Quality tools for mobile

Globally we have 3 main families of tools when we talk about mobile quality :

  • Analysing tools : related to search for bugs, functional problems before building and package your app
  • Testing tools : related to evaluate your app or part of your app by simulating real conditions
  • Deployment tools : deport your testing part on the cloud or by doing manual testing in real conditions after your app is packaged

Part 2 Analyse a mobile application

Static

Static code analysis is done without executing any of the code. It is adequate for understanding security issues within program code and can usually pick up about 85% of the flaws in the code.

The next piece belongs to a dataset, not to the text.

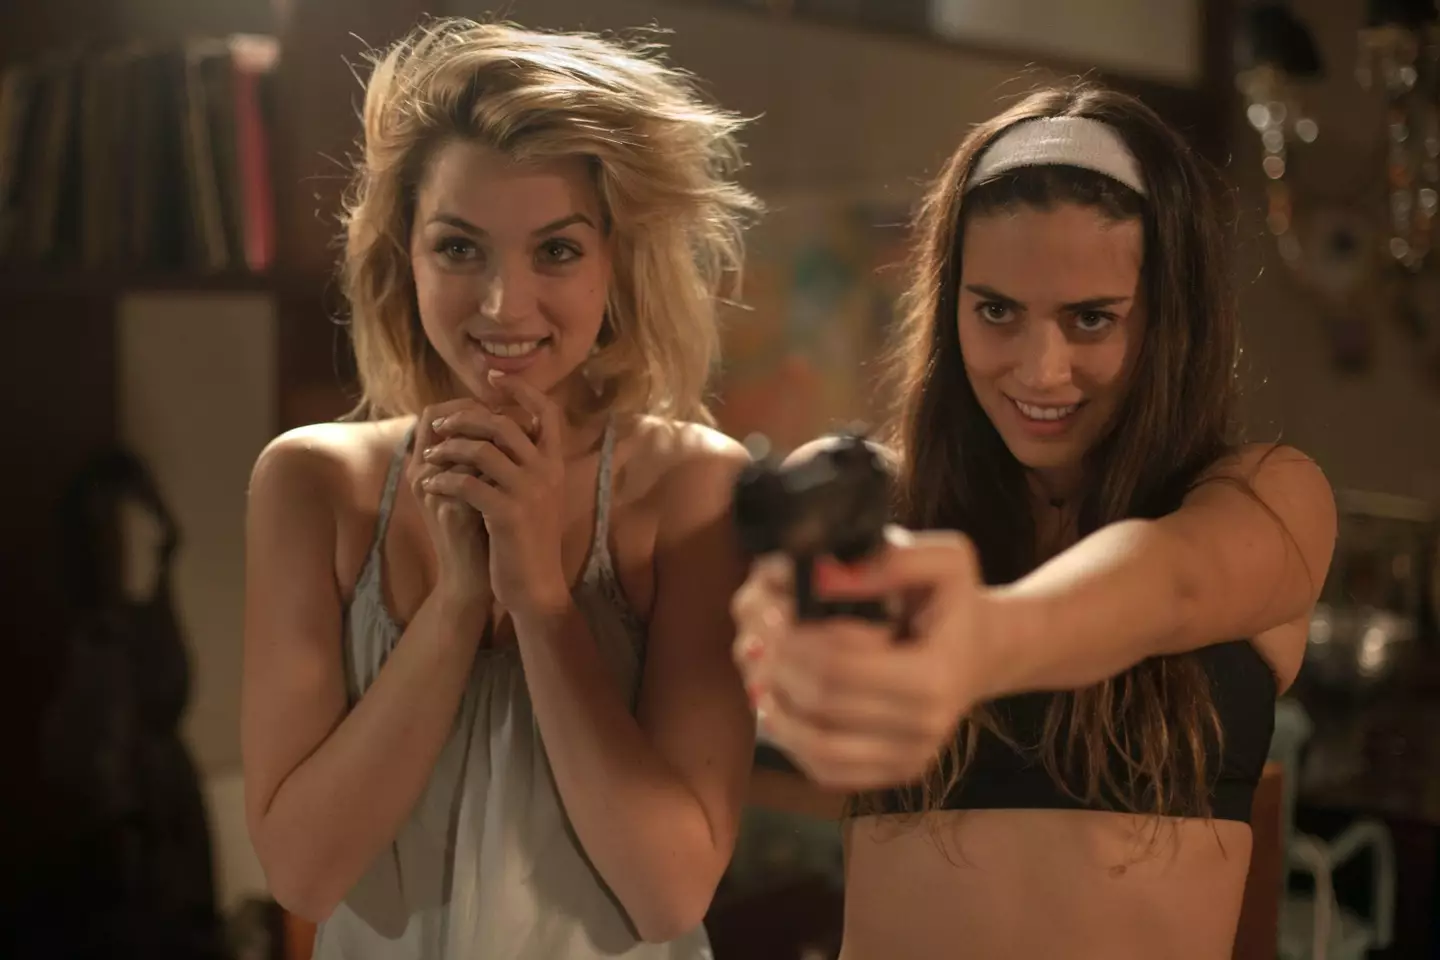 Lorenza Izzo and Ana de Armas star as the deadly strangers in the 2015 film.
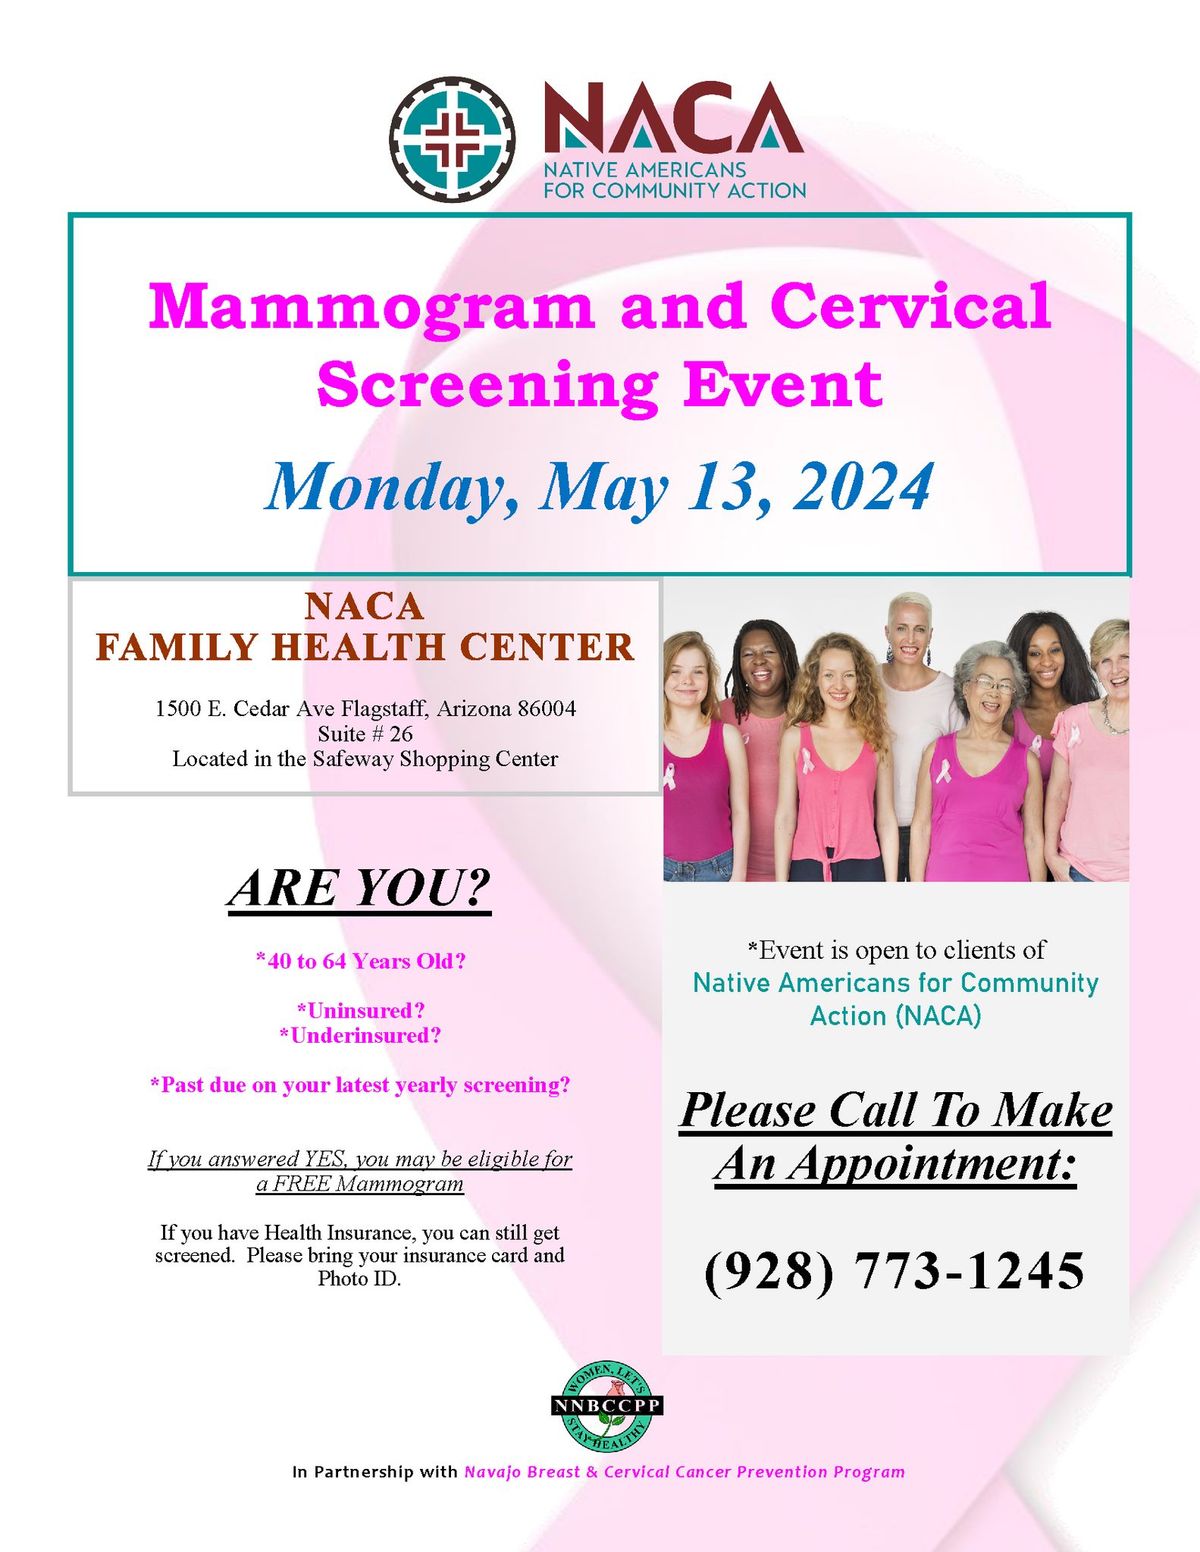 Mammogram and Cervical Screening Event

  • For Android we will integrate Android Lint, PMD, CheckStyle,Findbugs,DexCount, Infer and APK analyser
  • For iOS we will integrate Swiftlint

Android Lint

Lint logo

The Lint tool checks your Android project source files for potential bugs and optimization improvements for correctness, security, performance, usability, accessibility, and internationalization. You can run Lint from the command-line or from Android Studio. Android Lint is a part android sdk.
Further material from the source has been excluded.